What do I want really? I want to pass the fucking bar. I want to be allowed to practice in the field that I have worked so hard to be allowed to dally within. I want to finish writing a novel fully and completely. I want to find love. I want to be a mom. I want to travel everywhere. I want to teach kids somewhere for some period of time (Yes I still consider South Korea). I want own something...land, a home, a car - someplace to call my own. I want to change the world even if only in a small way. I want to finally learn to play that guitar I bought so long ago. I want to learn to ride a motorcycle, to run a marathon, to DJ, to play tennis, to fix a car engine, and to do a cartwheel. I want to be debt free. I want to live without fear or at least be so comfortable in my own skin that the fear is merely a feeling and never paralyzing.
In the immediacy of right now...I want to be able to get by all by myself. Have a job that pays my bills and have a home with a bed of my own.
I have an interview tomorrow. I find out about the Bar in May.

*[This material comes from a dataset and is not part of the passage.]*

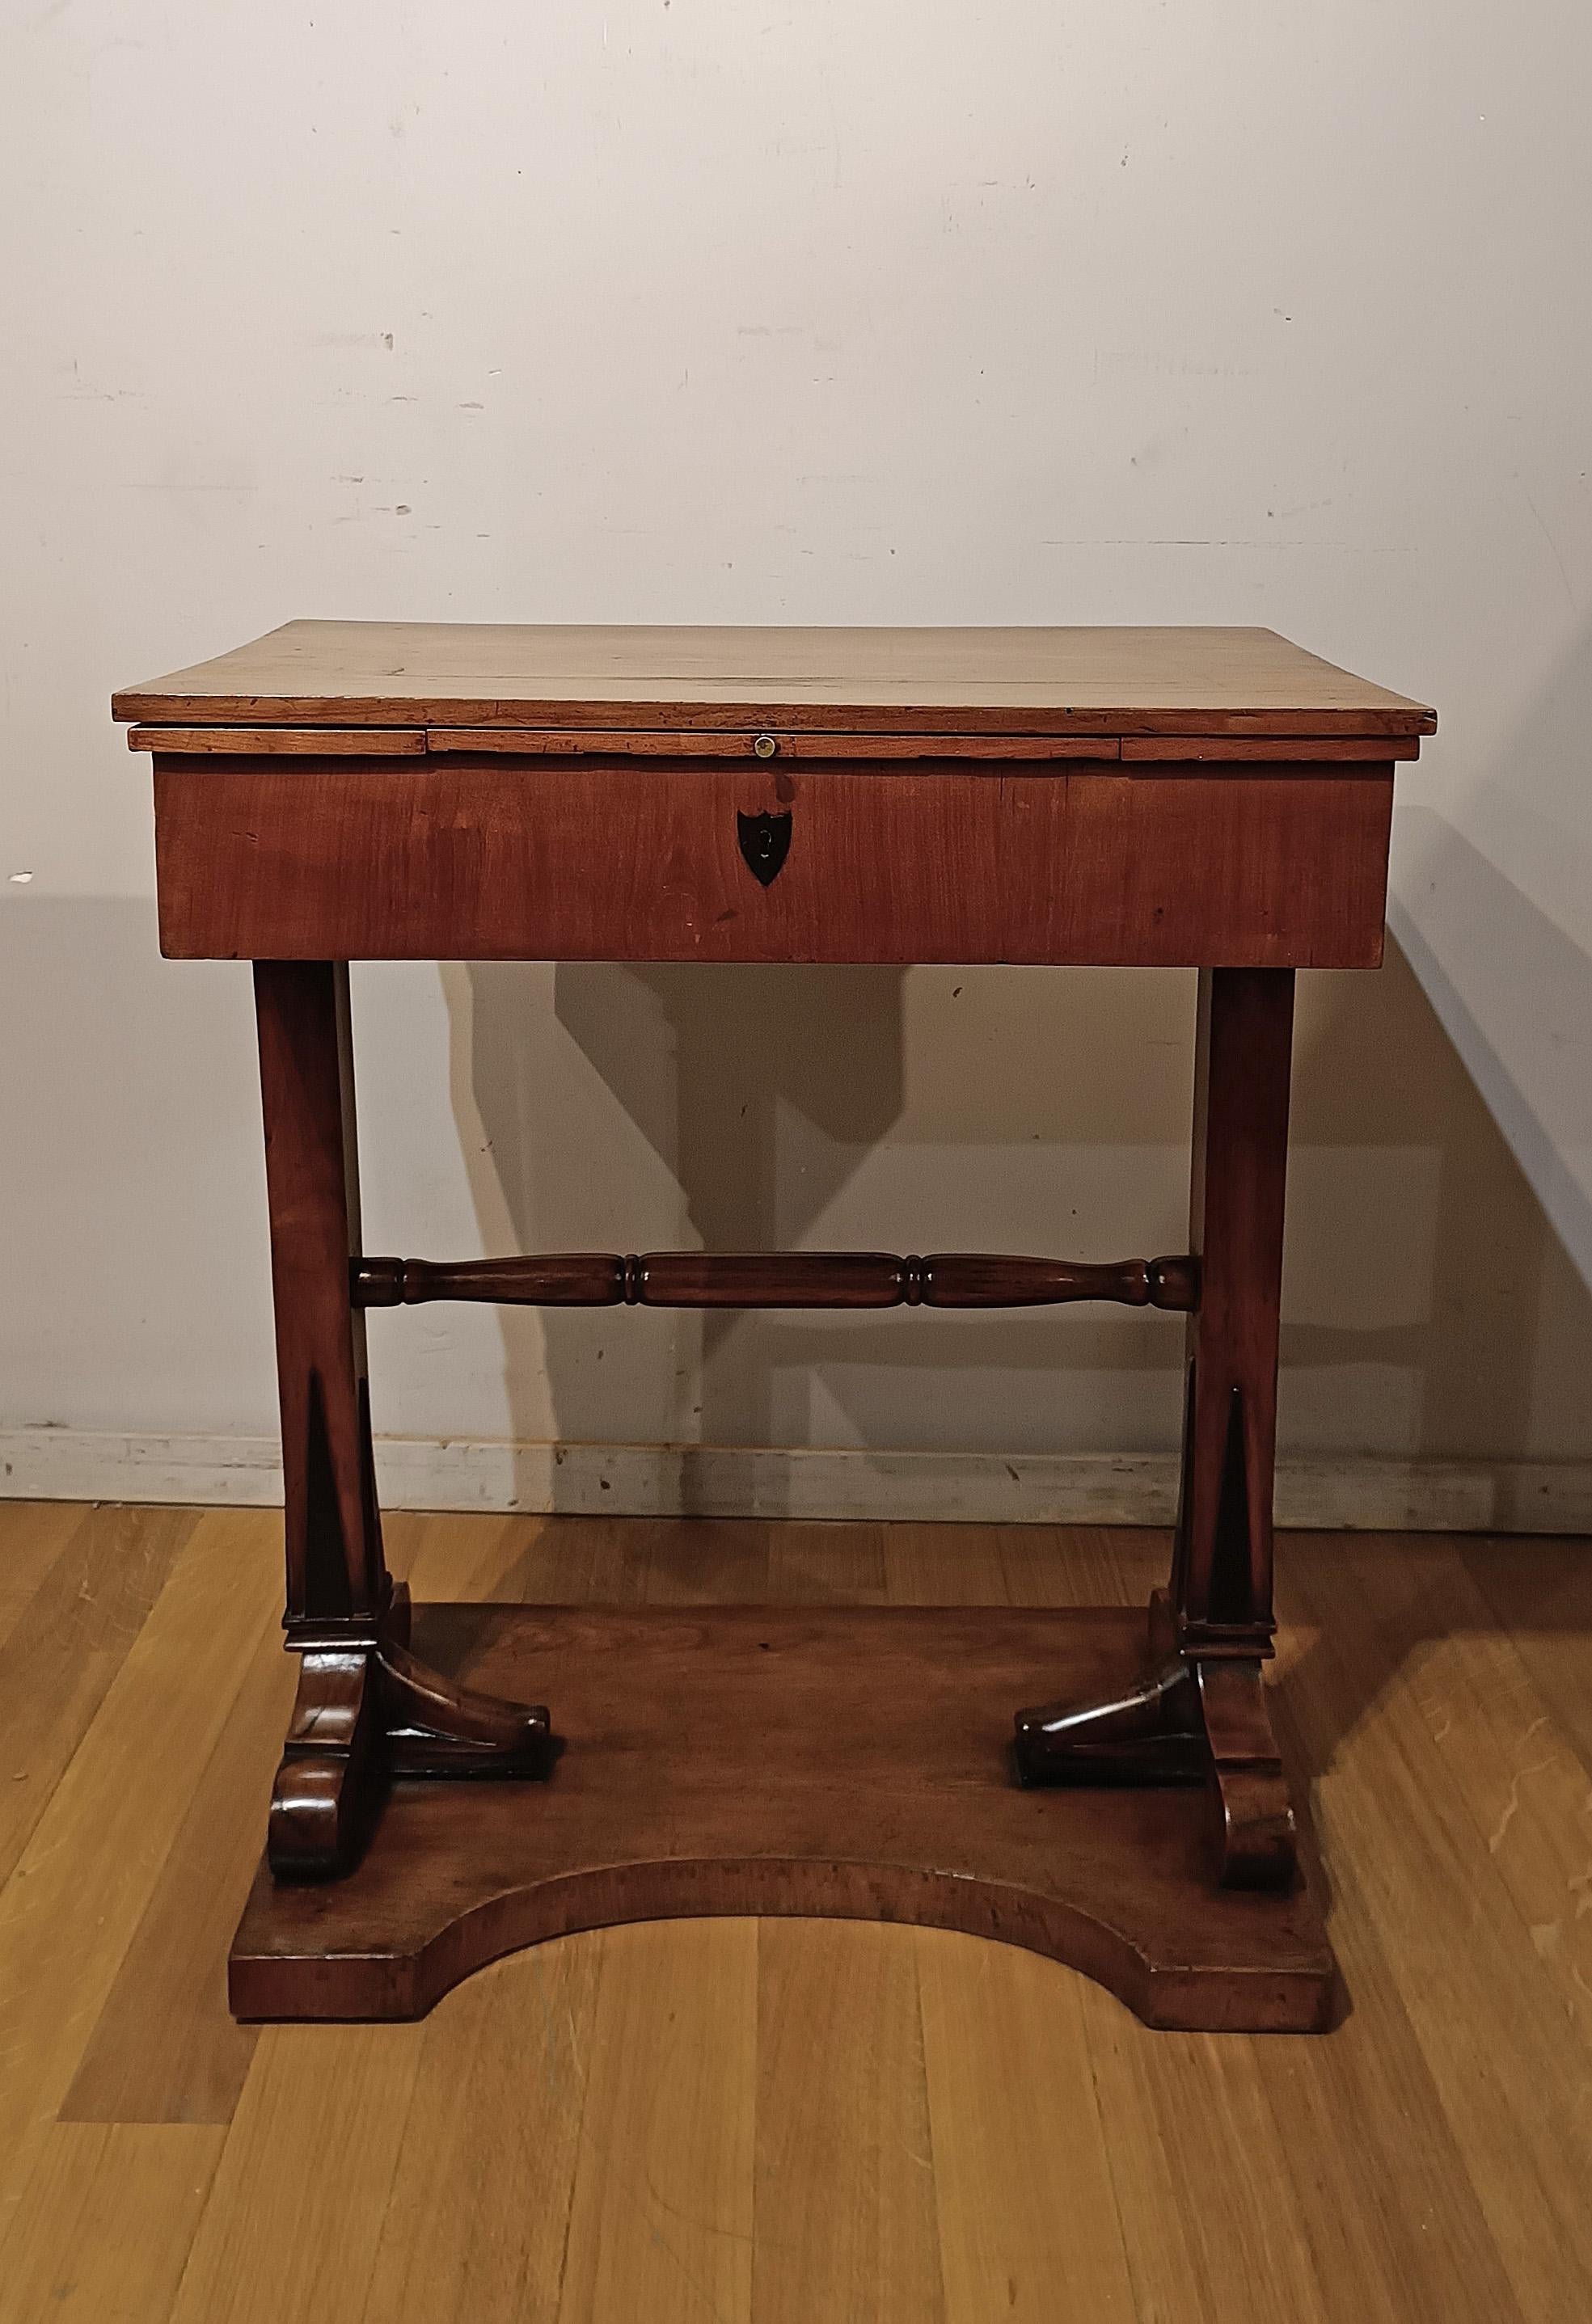 Cette splendide et raffinée table de travail en cerisier, de fabrication toscane du début du XIXe siècle, est une pièce unique qui peut également être utilisée comme petit bureau. Son ancienne fonction était celle d'une table de travail, comme en

Hopefully, if all goes well I will figure out how to fly and stop trying to swim. I am working at this really hard. This is my life right now. I am trying terribly hard to be strong. I am ready to stop being in the shadows of life and walk trembling to center stage. I just need a little help and I am digging deep to disgorge it from within myself.
I know for a fact this time right now is the rawest self I have ever been and I am trying my damnedest to not douse it with additives in order to dull the actual true sensation of me. I am trying to be inside of my vulnerability and deal with it and not run away. I am hoping that if I stop paddling trying to escape that I will wash up on dry land in the sun and it will all start to be clear and doable...because I don't think I get a do-over or to rewind.
But for now there is hail and it is beautiful and amazing and crazy and I love it and I am scared. It is hard. But I grew up in Boston and March is a hard month...and it must be remembered that March breaks the cold of winter and lets the oft needed spring in again. Some things need to be broken...and most breaking hurts.